Billy and Sheri sat together. Dan went all the way to the back to sit with his friends. Christina had a good night’s sleep, but wasn’t well enough to go to school yet. She probably would make it tomorrow. The medicine had been a definite help.
The bus stopped in front of the Jones’s house and both Cody and his younger brother, Al, got on it. As Cody came down the aisle he looked at Billy. His lips parted, and a cold glint came into his eyes.
“See you made it all right, beanpole.”
“No problem,” said Billy.
He hadn’t thought much about Cody because he seldom saw the guy. Being a senior, Cody wasn’t in any classes with Billy. They were practically neighbors and Billy had always been prepared to like Cody. It might have been the difference in their ages, but Cody always ignored Billy when he wasn’t being mean to him. Why then did Cody let Seattle hang around with him? Maybe it was because they were both on the track team.

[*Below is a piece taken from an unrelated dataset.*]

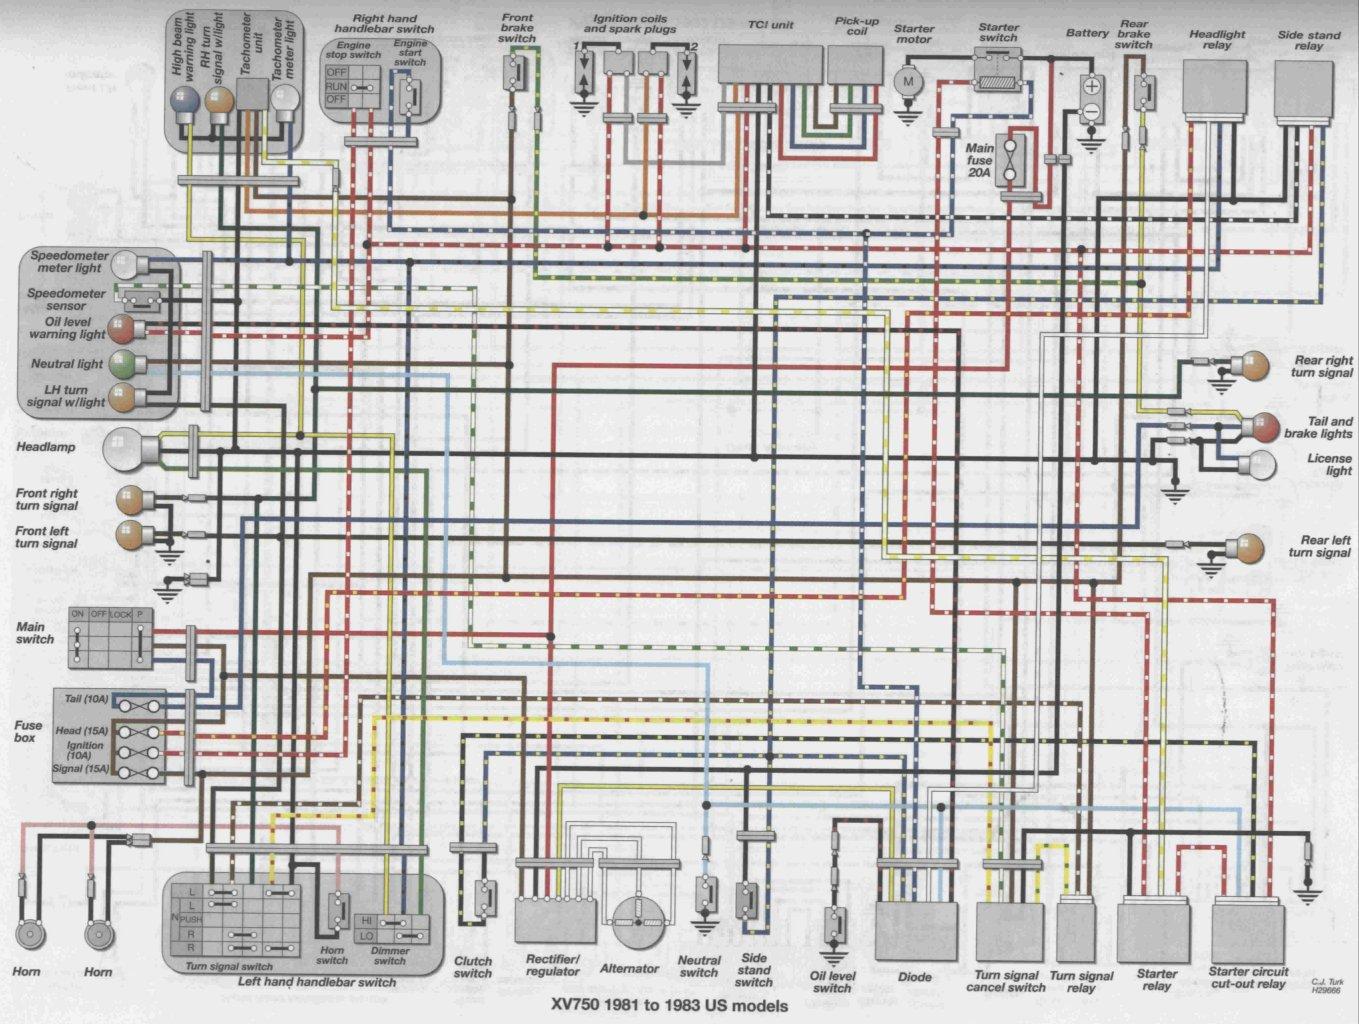 1982 yamaha virago 750 wiring diagram 1982 image virago wiring diagram virago auto wiring diagram schematic on 1982 yamaha virago 750 wiring diagram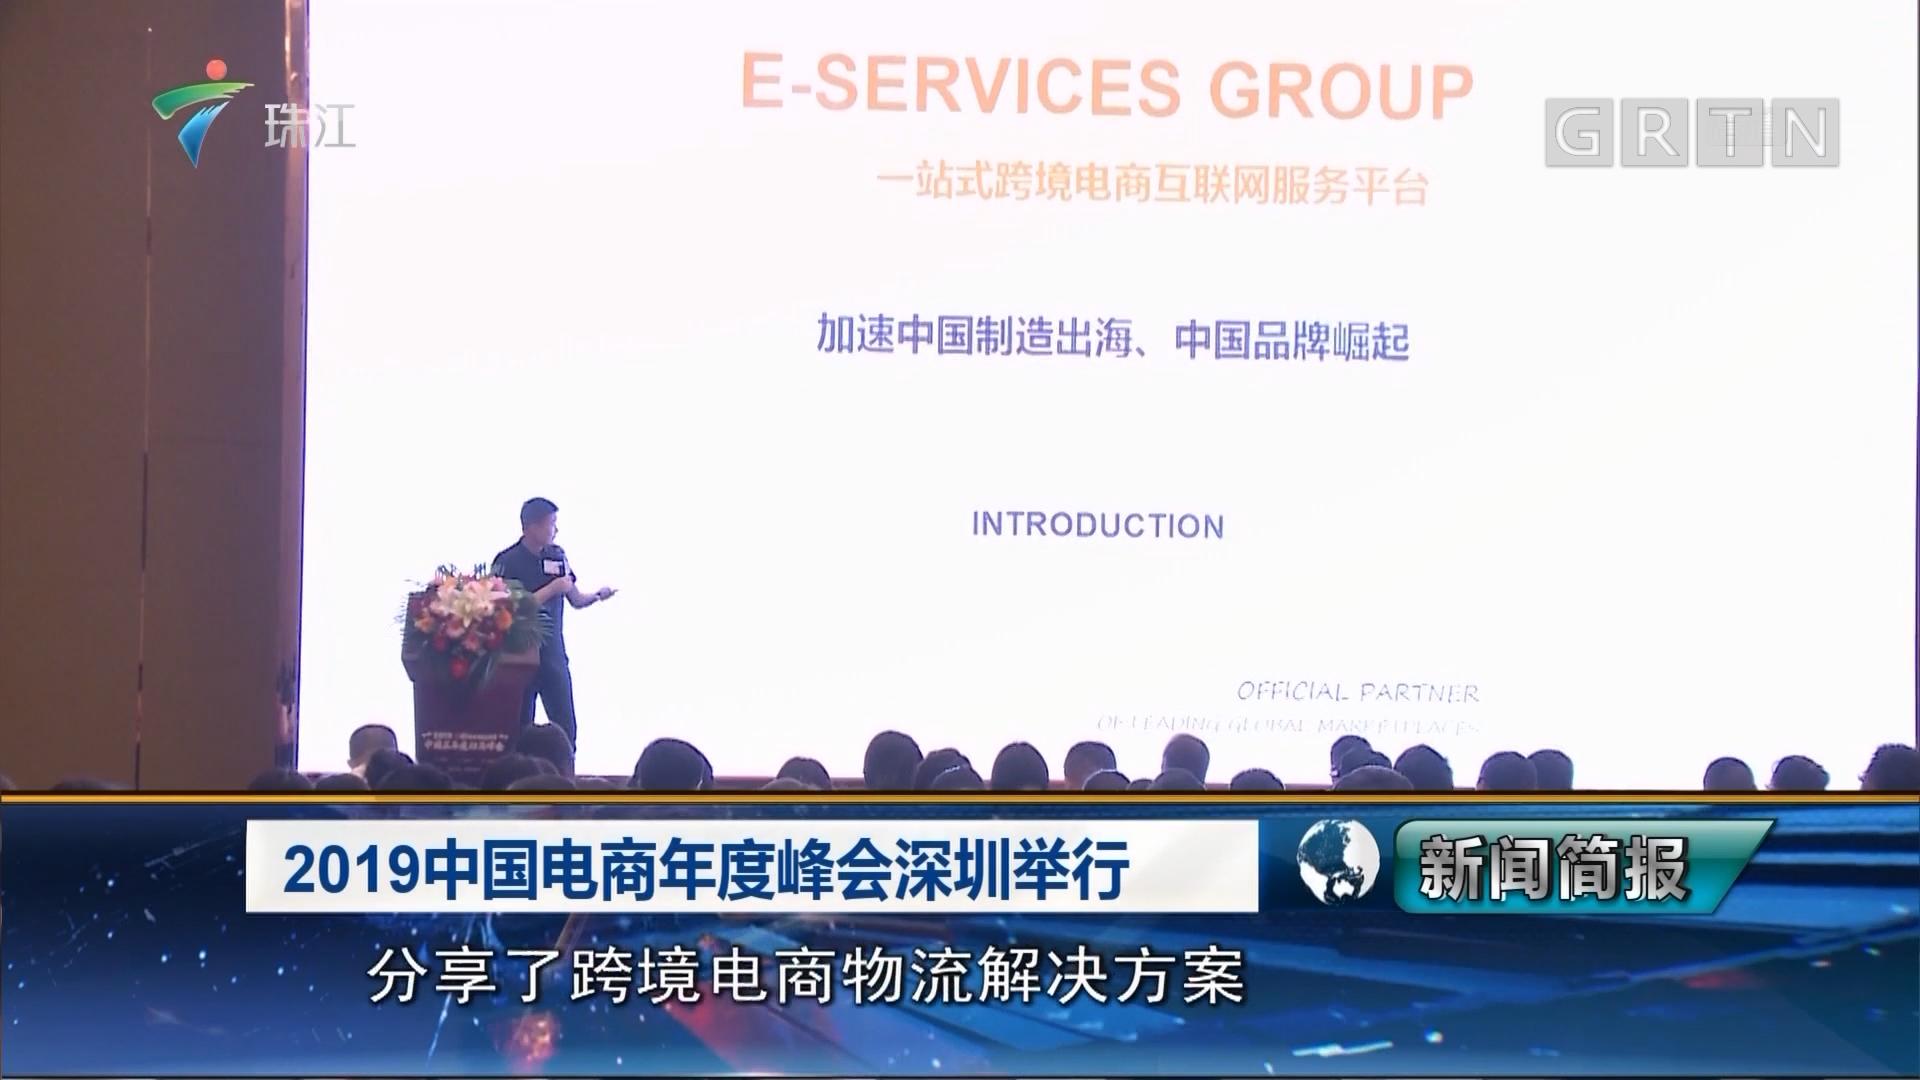 2019中国电商年度峰会深圳举行

Twice during the morning Billy had a glimpse of Seattle Williams strutting down the hall with two girls. Seattle was good looking, handsome. His dark, wavy hair was always in place. High tight-fitting pants and his loud shirts that showed off his muscles were his trademark in school. He probably could pick out any girl he wanted and go out with her. Billy wished he had half of whatever it was that attracted the girls to Seattle. He didn’t know what it was even to hold a girl’s hand.
He had about ten minutes left during lunch period when a hand thumped him on the back and a familiar voice startled him out of his reverie. “Hi, Billy. What’s the matter? Doesn’t anybody want to sit with you?”